From high-profile acquisitions to the latest wave of company voluntary arrangements and surprise people moves, Drapers looks at who has prospered over the past year, and who will be wishing for a happier 2020.
It was not all doom and gloom in 2019. Some retailers are still beating the odds to survive in today’s tough market through bold moves that have paid dividends.
Boohoo Group – a record-breaking year
Group revenue jumped 43% year on year to £564.9m in the six months to 31 August, meaning its revenue for the last year has exceeded £1bn for the first time ever.
Its adjusted EBITDA was up 53% to £60.7m, while gross profit grew 40% from £218.6m in the first half of 2018/19 to £306.5m this year. The group recorded an adjusted profit before tax of £51.8m, up 45% on last year.
Fast fashion’s sustainable practices came under scrutiny at the end of last year, when retailers – including Boohoo – were called in front of the environmental audit committee to give evidence on transparency. However, this seems to have little impact on consumer demand.
Boohoo has also been on the acquisition trail. It bought the ecommerce and intellectual property assets of Karen Millen and Coast for £18.2m in August.
Primark – a giant retail footprint
Primark has continued to expand its impressive retail footprint over the past 12 months, opening 14 new stores in the year to 14 September. This included its largest store to date – in fact the world’s largest fashion retail store, as decreed by Guinness World Records – in Birmingham. It now has 161 UK stores.
Primark’s revenue rose 4.2% to £7.8bn for the year to 14 September, driven by its ongoing store expansion.
The company is now focusing on international expansion as well as investing in customer experience and service.
While many brands view Black Friday as an opportunity to drive sales, this year, Primark chose to invest instead in Christmas gifting to boost footfall.
JD Sports – rocketing revenue
It was a bumper 12 months for sportswear giant JD Sports. Revenue almost doubled at JD Sports Fashion for the six months to 3 August 2019. Group revenue jumped 47% compared with the same period last year to £2.7bn. The group reported an operating profit of £200m, a 61% increase on the previous year. Profit before tax grew by 7% to £122m.
There was also good news for the Group’s chief executive chairman Peter Cowgill, who received a one-off bonus of £6m in recognition of his “exceptional performance” and was crowned Fashion Leader of the Year at the Drapers Awards in November.
JD Sports has branched into the wholesale market over the past 12 months, launching its private label Supply & Demand on retailers including Zalando, Very and Urban Celebrity. Womenswear brand Pink Soda launched on Very in the autumn.
The retailer also announced plans to upsize its Brighton store into a 16,500 sq ft superstore.
However, it was not completely smooth sailing for JD Sports.
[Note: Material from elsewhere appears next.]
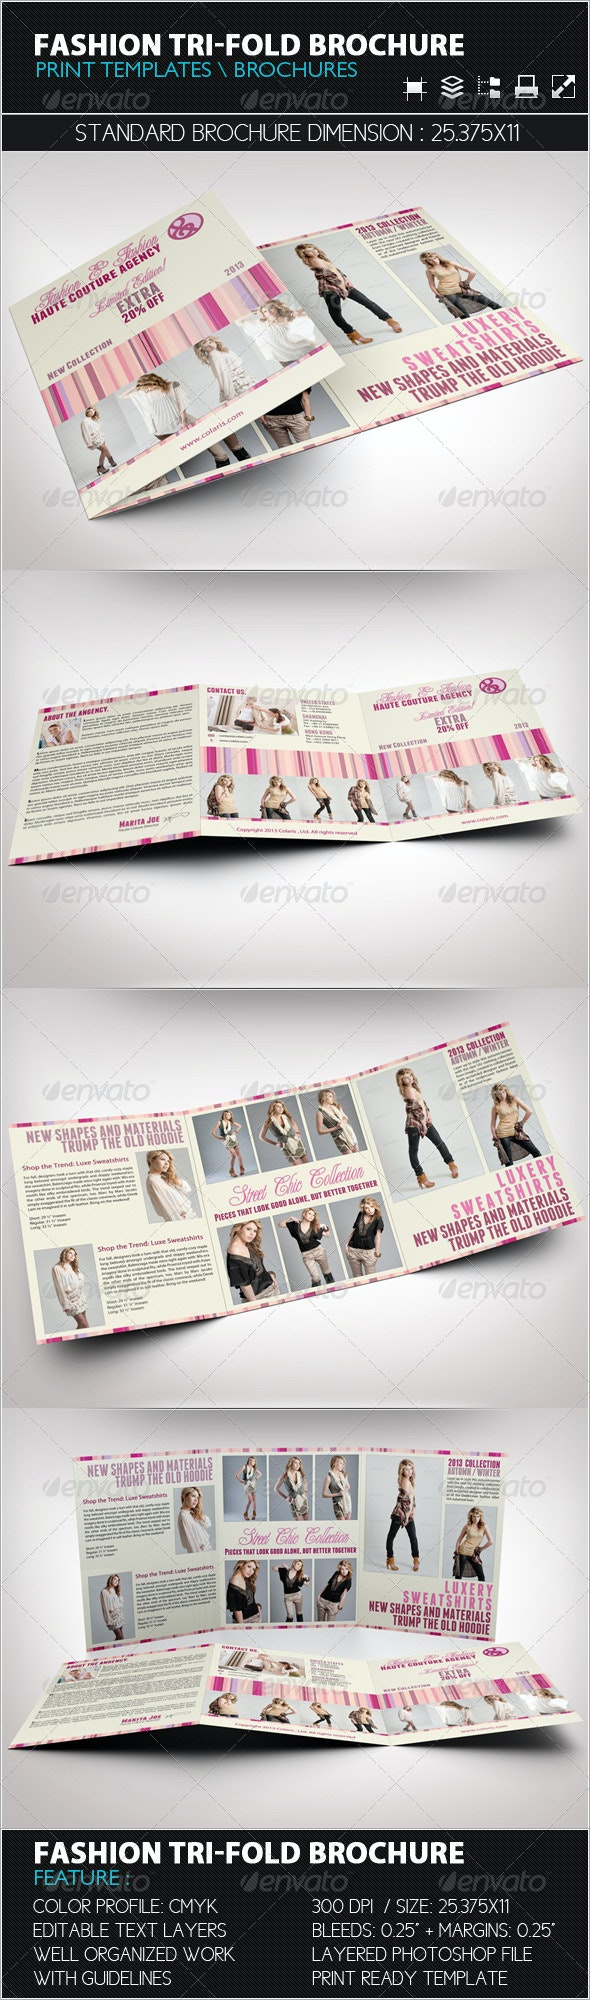 Fashion Tri-Fold Brochure Template - Catalogs Brochures

It has been forced to defend its proposed merger with rival Footasylum over concerns from watchdog the Competition and Markets Authority that it will damage competition.
This year heralded more store closures, administrations and redundancies.
House of Fraser – hanging in the balance
House of Fraser has struggled to keep its head above water in 2019, and its administration was extended for a further 12 months in August, just weeks after Sports Direct owner Mike Ashley branded its problems as “nothing short of terminal in nature”.
In its delayed annual results, Sports Direct Group said: “If we had the gift of hindsight, we might have made a different decision in August 2018.”
The group reported rising revenue and profits in its half year results to 27 October 2019, as a result of its acquisitions. Group revenue rose by 14% to £204.5m following a 79.2% jump in sales from premium lifestyle and a 6.2% increase in UK sports retail sales.
However, if acquisitions are excluded, group revenue fell by 6.4% during the period. In the results Ashley backpedalled on his previous comments regarding House of Fraser, to say that thanks to Sports Direct the department store chain’s future was ”hopefully ‘bright’”.
Jack Wills – Sports Direct shrinks its footprint
The preppy British lifestyle brand, once hugely popular among university students, faced a “cash crunch” this summer following tough spring trading. It was then sold to Sports Direct for £12.8m in a pre-pack administration deal in August.
Sports Direct has since shut eight Jack Wills stores and said more closures are likely if it cannot secure lower rents across the remaining portfolio. Chief executive Suzanne Harlow also departed over the summer following Sports Direct’s takeover.
Mothercare – the end of an era
The British mother and baby retailer is expected to wind down its UK business by February 2020 after appointing administrators in November this year. All of Mothercare’s 79 stores are expected to close, which will result in 2,500 job losses.
Business rates and rent prices, in addition to a decline in sales, are all part of the issues facing the retailer. An outdated business model and failure to invest in online retail have also contributed to its downfall.
However, the business has signed an exclusive franchise deal with Boots UK. The Mothercare product range will be made available in larger Boots stores across the UK, including Mothercare shop-in-shops over time, as well as online at boots.com. The proposed partnership will be for an initial period of five years.